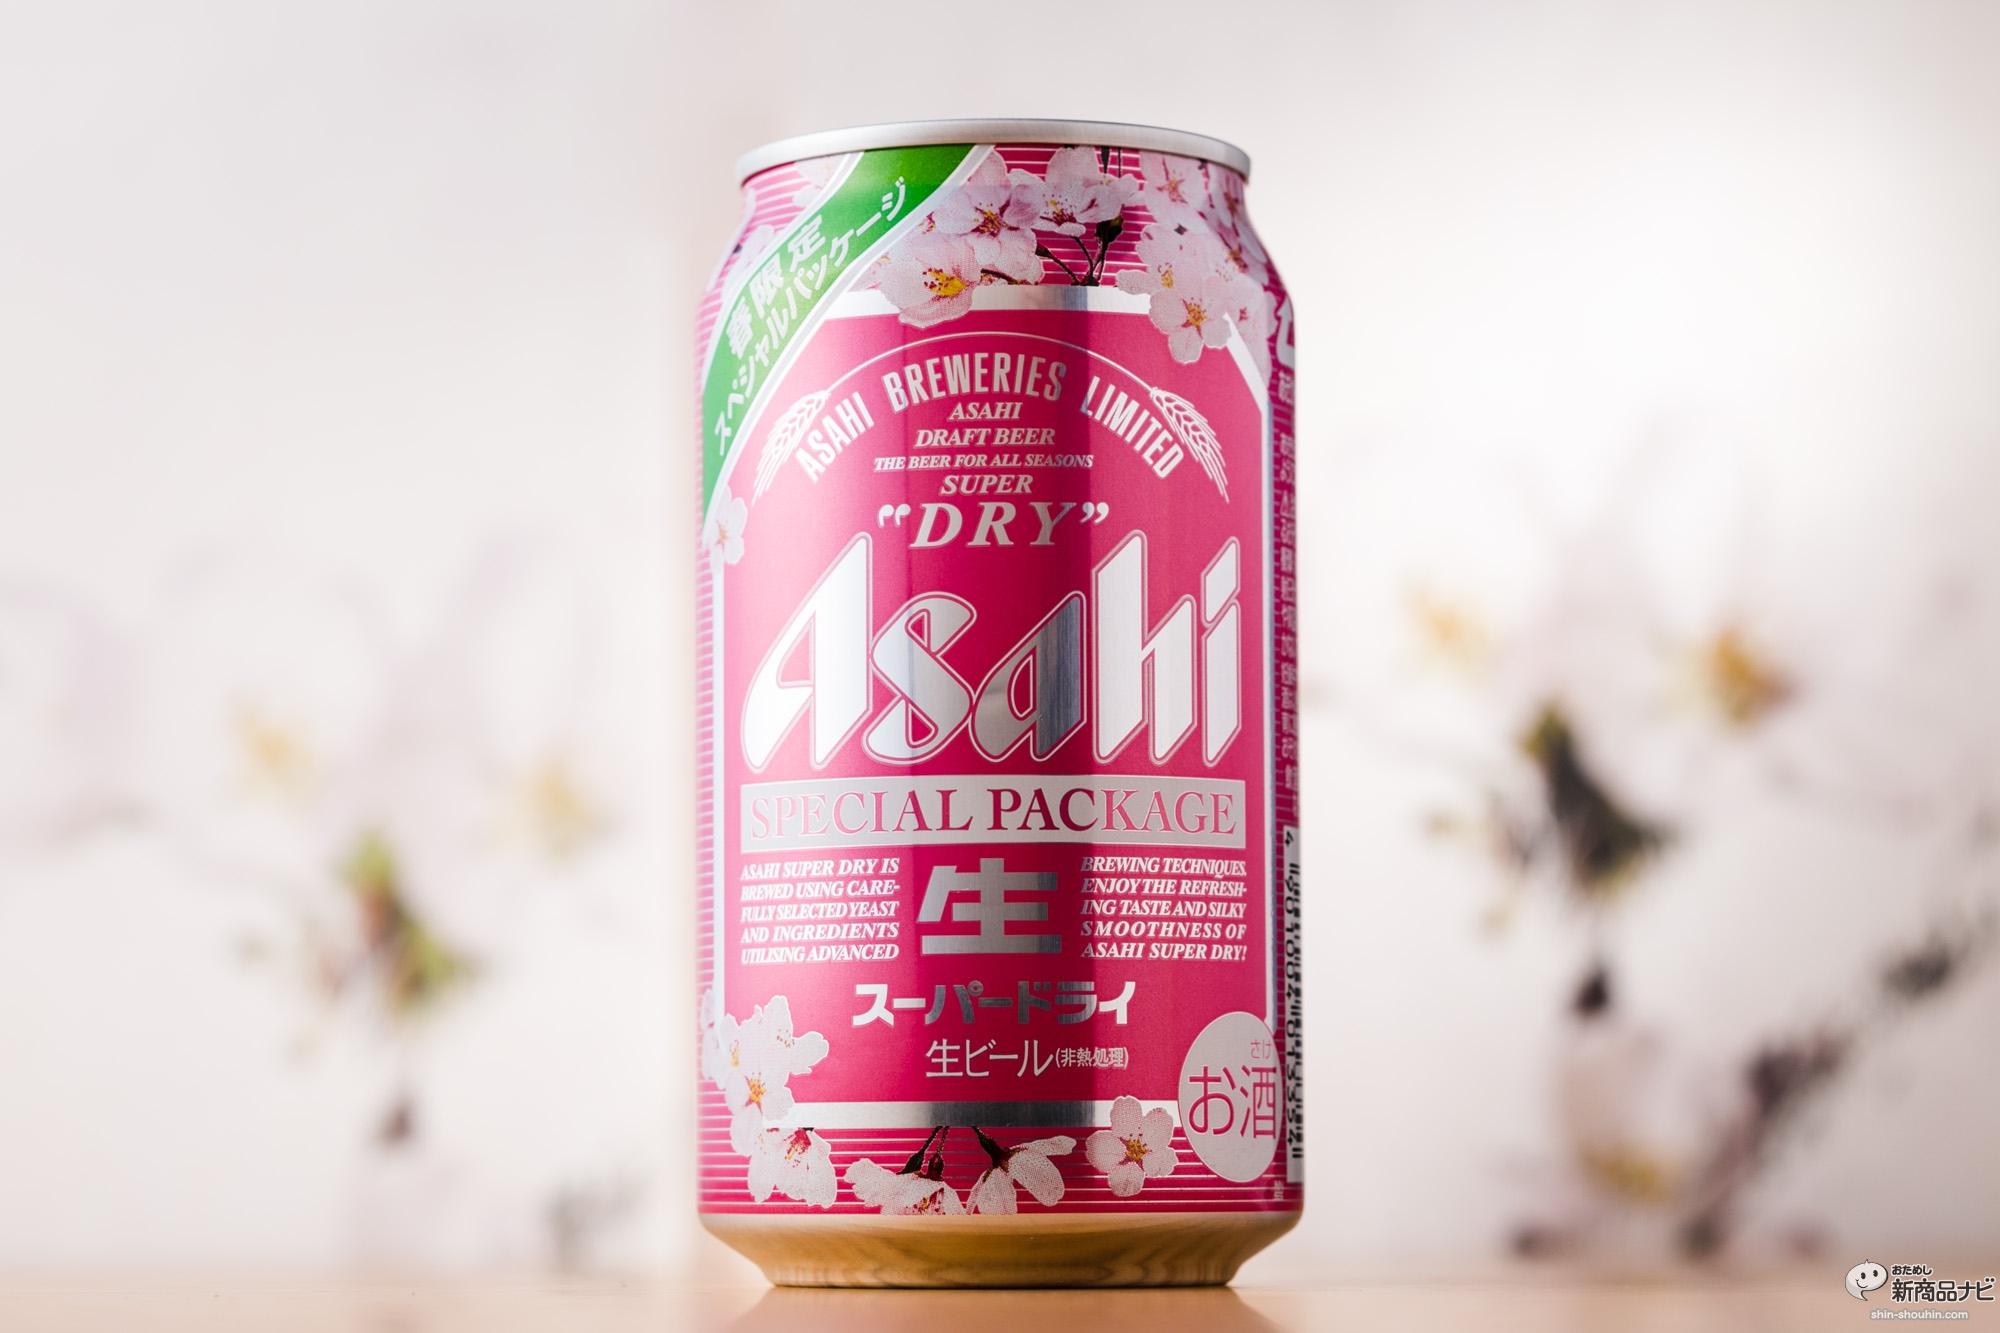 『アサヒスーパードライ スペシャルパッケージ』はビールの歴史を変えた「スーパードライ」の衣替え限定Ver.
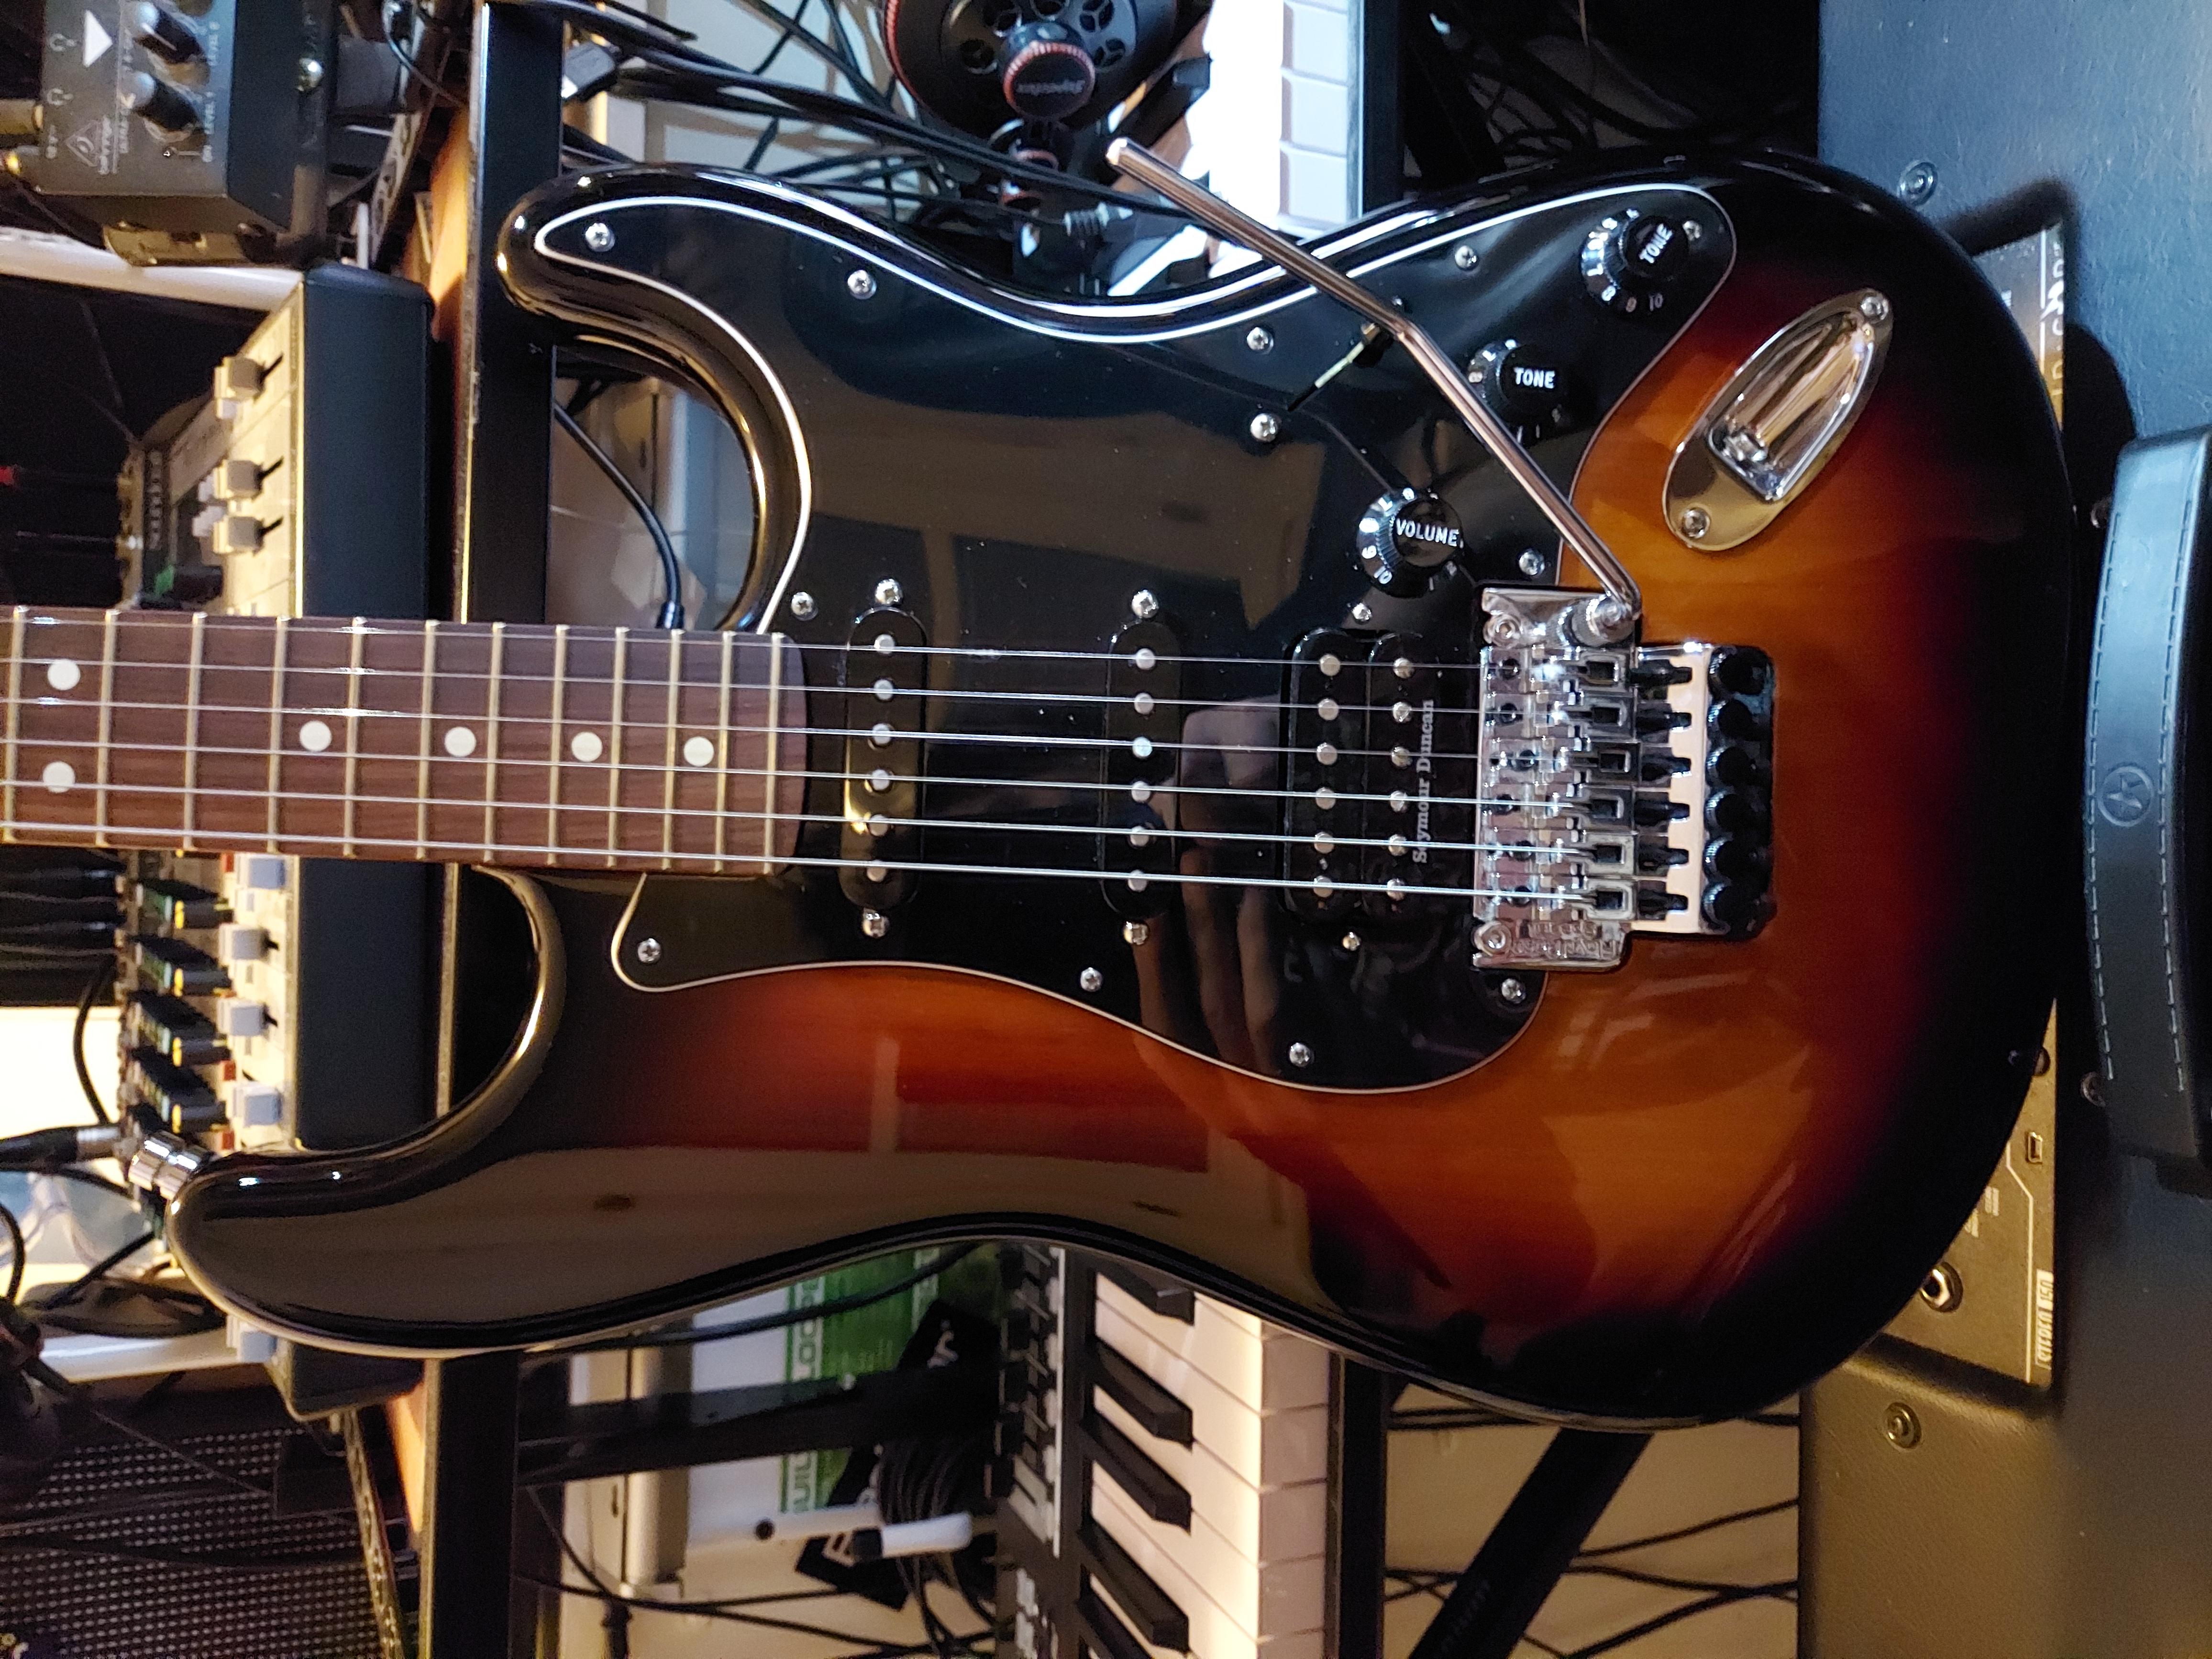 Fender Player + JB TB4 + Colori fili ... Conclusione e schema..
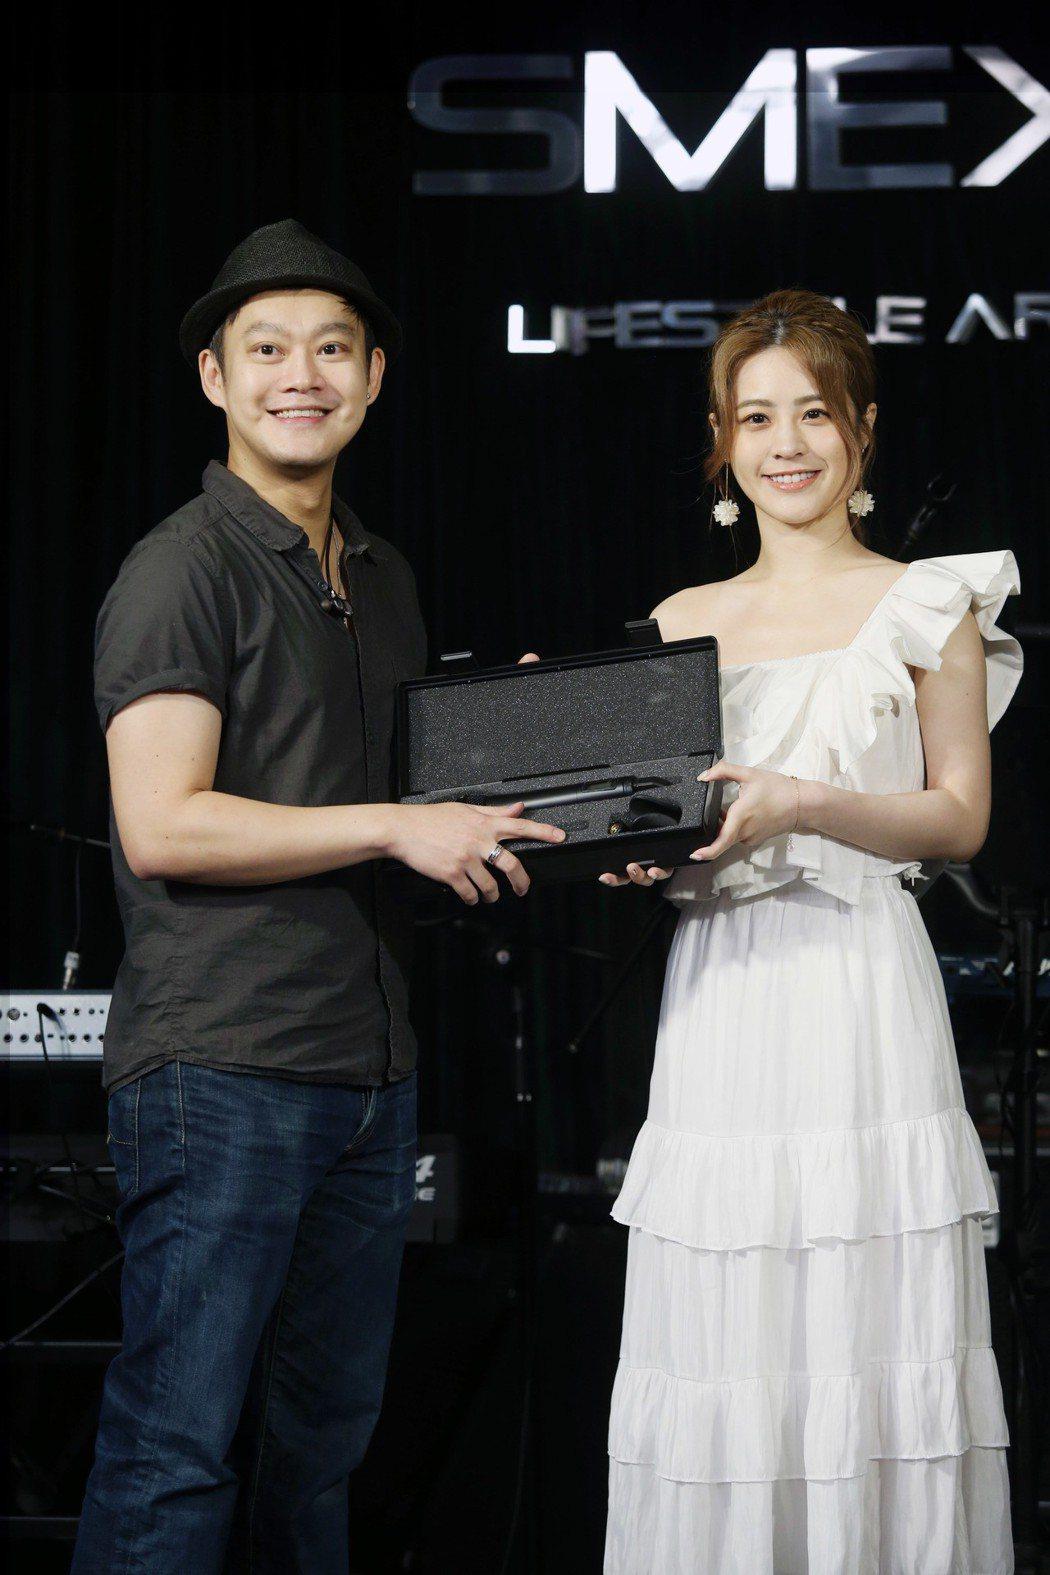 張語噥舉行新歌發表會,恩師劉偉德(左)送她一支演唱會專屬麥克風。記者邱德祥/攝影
┄┄┄┄┄┄
§ **How to complete this task**:
Print the listing verbatim, images excluded.

§ **Exercise output**:
 『アサヒスーパードライ スペシャルパッケージ』はビールの歴史を変えた「スーパードライ」の衣替え限定Ver.
 Fender Player + JB TB4 + Colori fili ... Conclusione e schema..
 張語噥舉行新歌發表會,恩師劉偉德(左)送她一支演唱會專屬麥克風。記者邱德祥/攝影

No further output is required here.